Unicorn solves this problem with a pull-model rather than a push-model. All
requests are initially queued at the master on a Unix socket, workers
accept(2) (pull) requests off the queue (shared Unix socket) when they are
ready. Thus requests are always handled by a worker which can handle request
immediately. This solves the problems mentioned above.
Slow clients slow down everything. Twitter has shed some light on this issue in their blog post on why they moved to Unicorn:
Every server has a fixed number of workers that handle incoming requests. During peak hours, we may get more simultaneous requests than available workers. We respond by putting those requests in a queue.
Welcome to Unicorn’s world of evented I/O:
This is unnoticeable to users when the queue is short and we handle requests quickly, but large systems have outliers. Every so often a request will take unusually long, and everyone waiting behind that request suffers. Worse, if an individual worker’s line gets too long, we have to drop requests. You may be presented with an adorable whale just because you landed in the wrong queue at the wrong time.

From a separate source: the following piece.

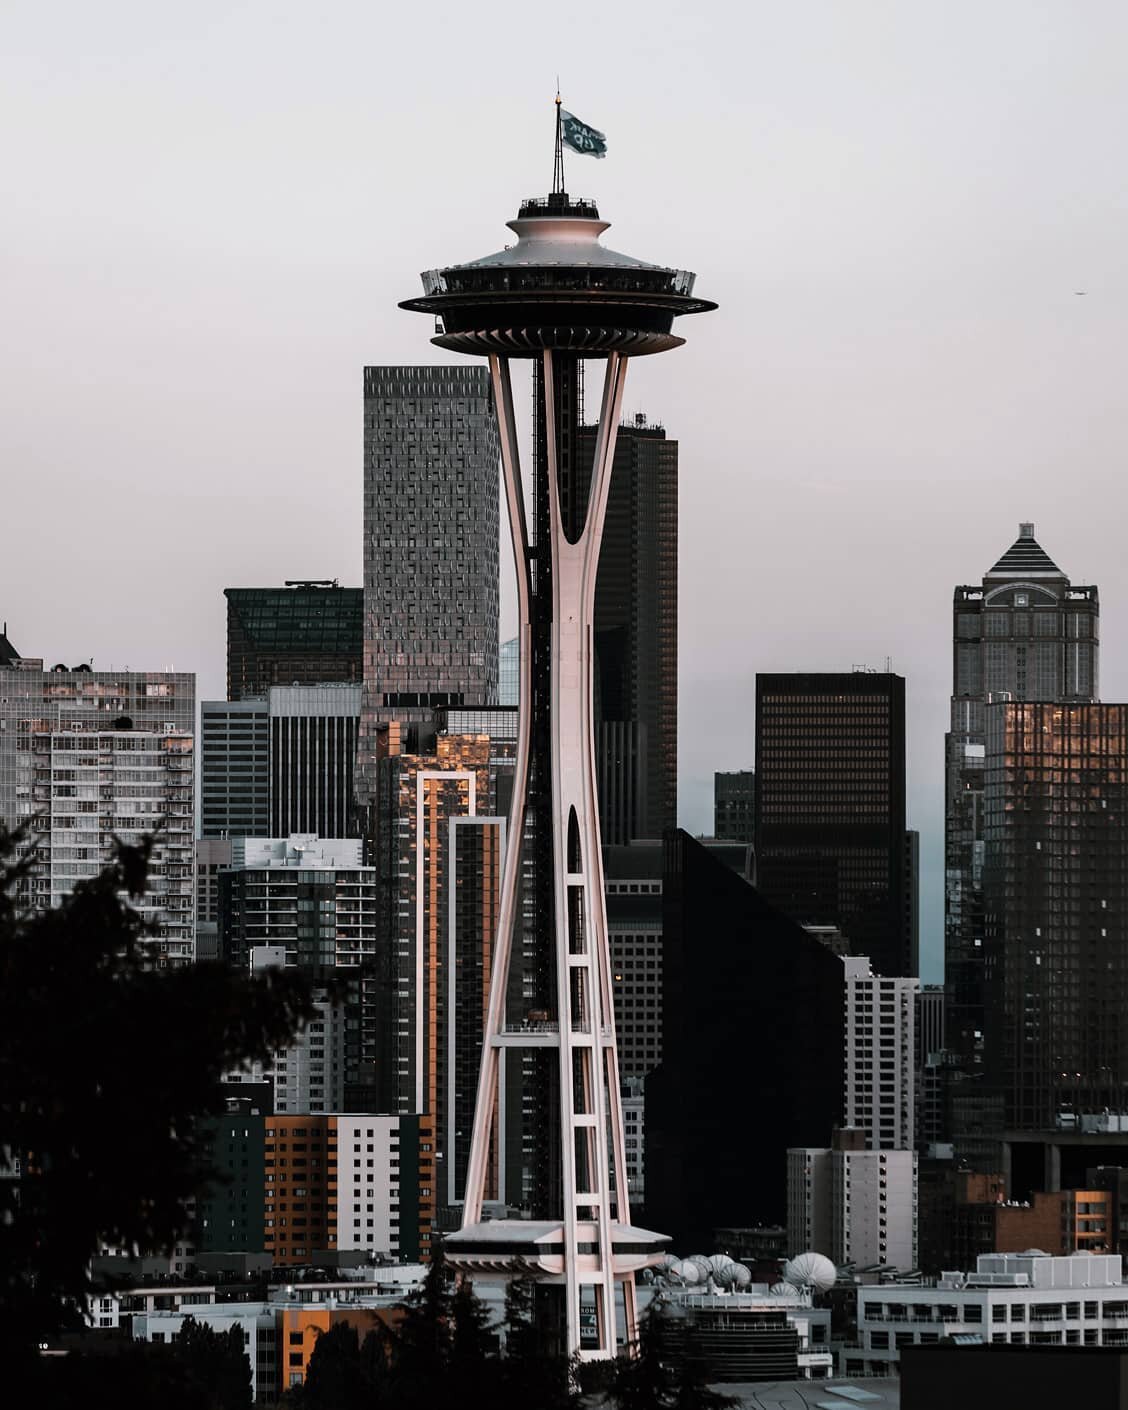 One of the my favorite places spots for a view of the @spaceneedle is at Kerry Park. Make sure you bring a zoom lens!

#visitseattle #kerrypark #helloseattle #pacificnorthwest #nomadict #hellofrom #visionarytravel #mtrainier #pnwonderland #pnwadventu

And then they continue to talk about supermarket queues, read the whole thing.
In the conventional web server using the busyness heuristic to determine where to push the request, you have many short queues at each worker. Easily, a lot of fast requests can end up behind slow requests, because they are distributed essentially randomly, which means your request can timeout simply because you were unlucky enough to end up behind a slow request.
Because of Unicorn’s long queue model, this will not happen. Instead, you will be taken off the long queue quickly and slow requests will fail in isolation.
With Unicorn one can deploy with zero downtime. This is rad stuff:
You can upgrade Unicorn, your entire application, libraries and even your Ruby interpreter without dropping clients.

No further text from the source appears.